If the ready queue is a priority queue, where priority is a fixed attribute of each process, the scheduler is a simple priority scheduler. Such schedulers are commonly used in real-time operating systems. Typically, high priorities are given to processes that must meet frequent deadlines, while low priorities are given to processes with infrequent deadlines (this is called the rate monotonic priority assignment).
If the ready queue is a priority queue, where priority is adjusted in response to process behavior, we can develop an adaptive scheduler. For example, the classic UNIX scheduler would raise the priority of processes each time they voluntarily relinquished the CPU, perhaps to wait for I/O completion, while periodically lowering the priorities of all processes. The result is that interactive processes, which do little computing but frequently await input, would naturally rise to a higher prioriy, while compute bound processes would fall in priority. This provides excellent service to interactive users without the need for users to be aware that there is any kind of priority structure.
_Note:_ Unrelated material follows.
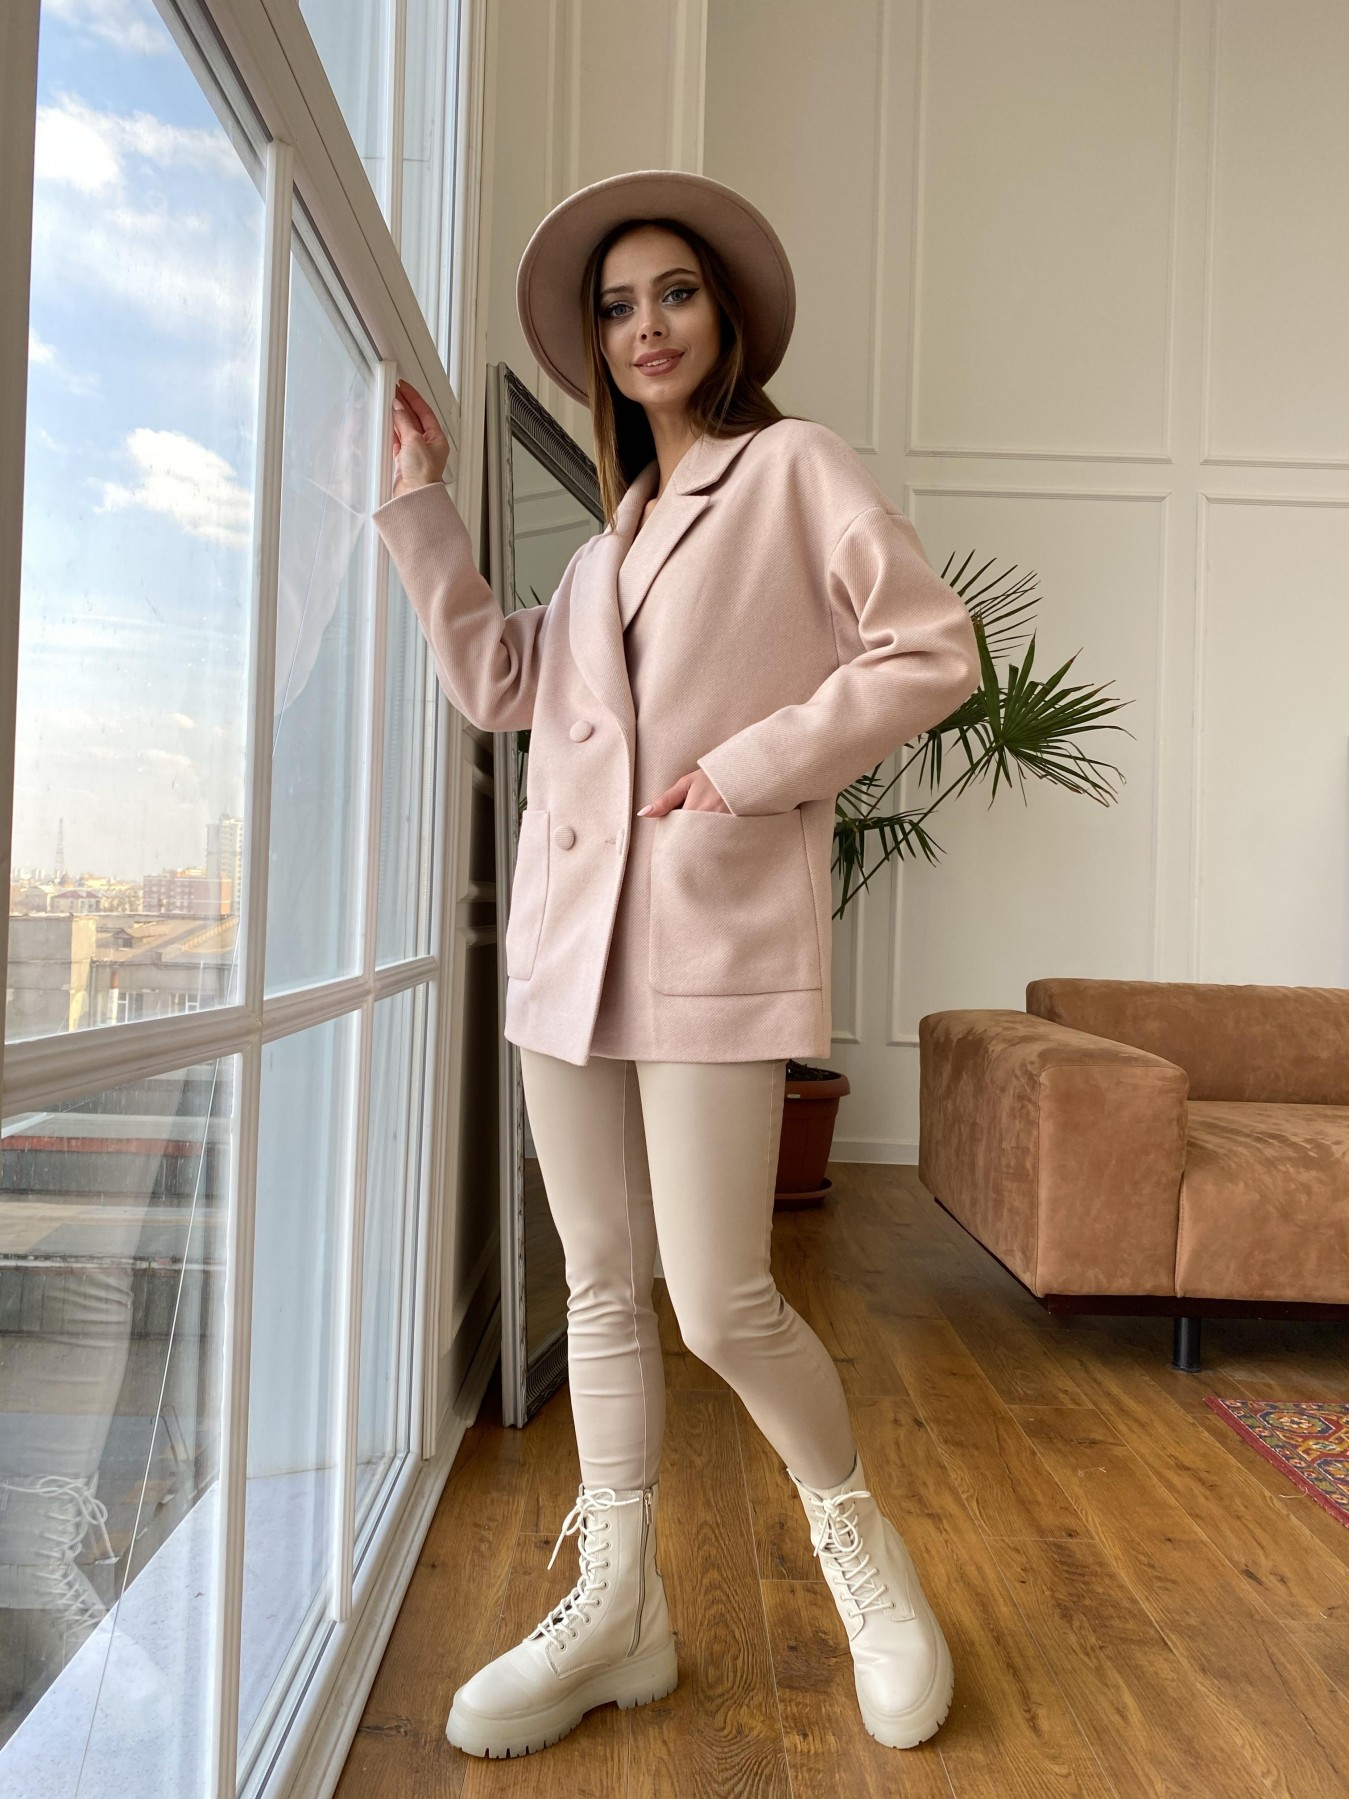 Мансера  пальто диагональ  10855 АРТ. 47358 Цвет: Пудра 11 - фото 3, интернет магазин tm-modus.ru

Another category of scheduler attaches, as the priority of each process, the deadline by which it must finish its operation. The process with the nearer deadline gets priority, and when a process finishes its operation, it either terminates or resets its deadline to the time at which it must finish its next operation. Deadline based schedulers are provably optimal for real-time systems, but they are rarely used in practice.